This is a fork of samtools maintained (without warranty) by DNAnexus. See COPYING.
The original samtools package has been split into three separate but tightly coordinated projects:
- htslib: C-library for handling high-throughput sequencing data
- samtools: mpileup and other tools for handling SAM, BAM, CRAM
- bcftools: calling and other tools for handling VCF, BCF
This version of samtools incorporates RocksDB as a git submodule. RocksDB has several build dependencies; see facebook/rocksdb/INSTALL.md. Additionally, a development installation of jemalloc is required (available in most Linux package managers).
Then,
git clone https://github.com/dnanexus/htslib.git
git clone https://github.com/dnanexus/samtools.git
make -C samtools
This will produce the executable samtools/samtools
, which will probably assume several shared library dependencies (try ldd samtools/samtools
).
This section has specific instructions for using the rocksort
subcommand; for a more general introduction, see our blog post. The basic invocation of samtools rocksort
is similar to samtools sort
:
Usage: samtools rocksort [options] <in.bam> <out.prefix>
Options: -@ INT number of sorting and compression threads [1]
-m INT max memory per thread; suffix K/M/G/T recognized [768M]

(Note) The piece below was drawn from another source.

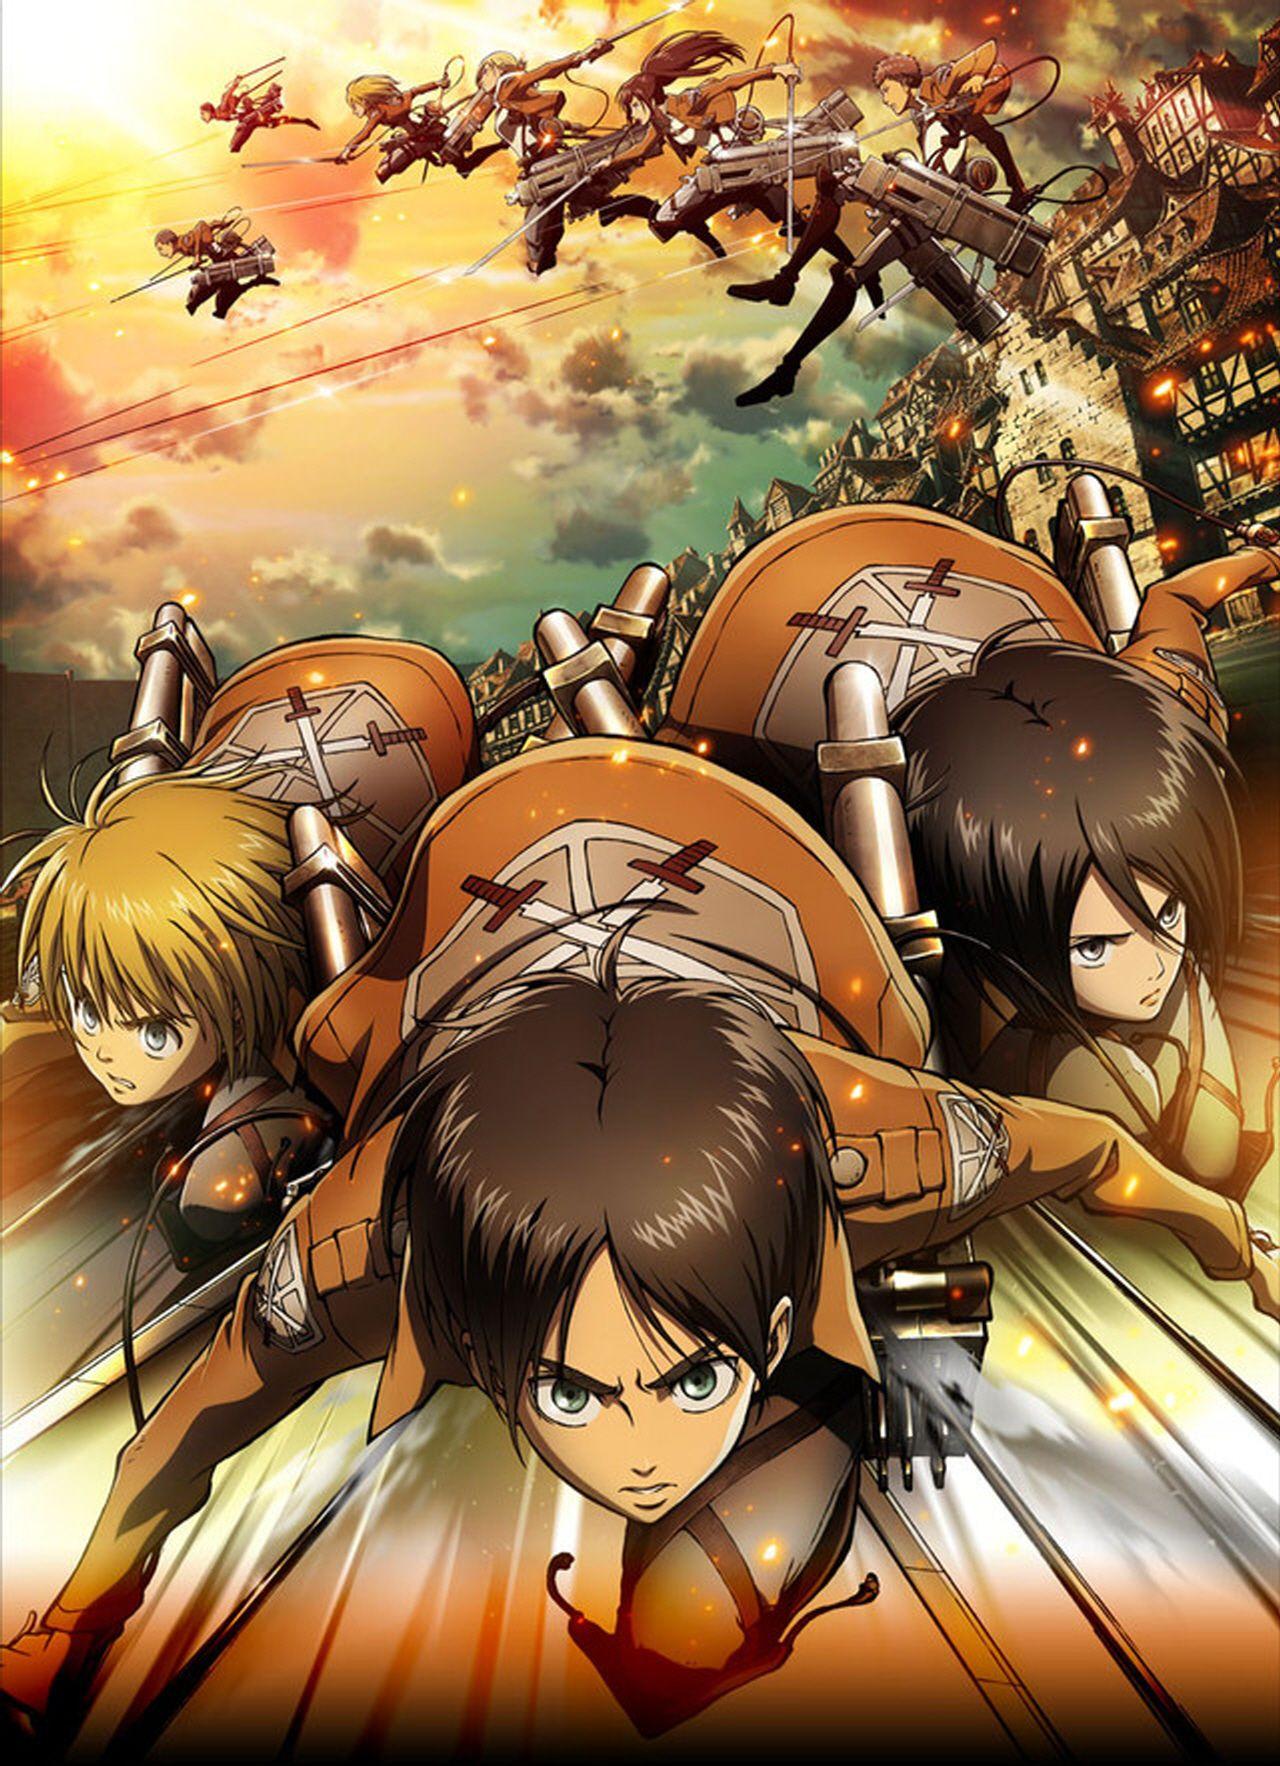 Shingeki No Kyojin Temporada 1 25 25 Japones Castellano Sub Espanol Mega Mediafire Drive In 2021 Attack On Titan Season Anime Titans Anime

We recommend using at least four threads, with compute cores to run them. The memory requirements should be similar to samtools sort
with the same -@
and -m
settings.
To enable background compactions, supply the option -s
.
-s INT plan background compactions assuming this uncompressed
BAM data size; suffix K/M/G/T recognized [off]
See below for guidance on setting the value of this option.
Additional options:
-o final output to stdout
-f use <out.prefix> as full file name instead of prefix
-n sort by read name
-k keep RocksDB instead of deleting it when done
-l INT compression level, from 0 to 9 [-1]
-u INT unsort: shuffle the BAM using given random seed
Like samtools sort
, the input BAM can be streamed through standard input by supplying -
instead of <in.bam>
. In fact, if the input is a compressed BAM file, it's usually faster to decompress with pigz like this:
cat <in.bam> | pigz -dc | samtools rocksort [options] - <out.prefix>
Note: background compactions are generally useful only when the dataset to be sorted is many times larger than provisioned memory. See our blog post introducing rocksort for more explanation.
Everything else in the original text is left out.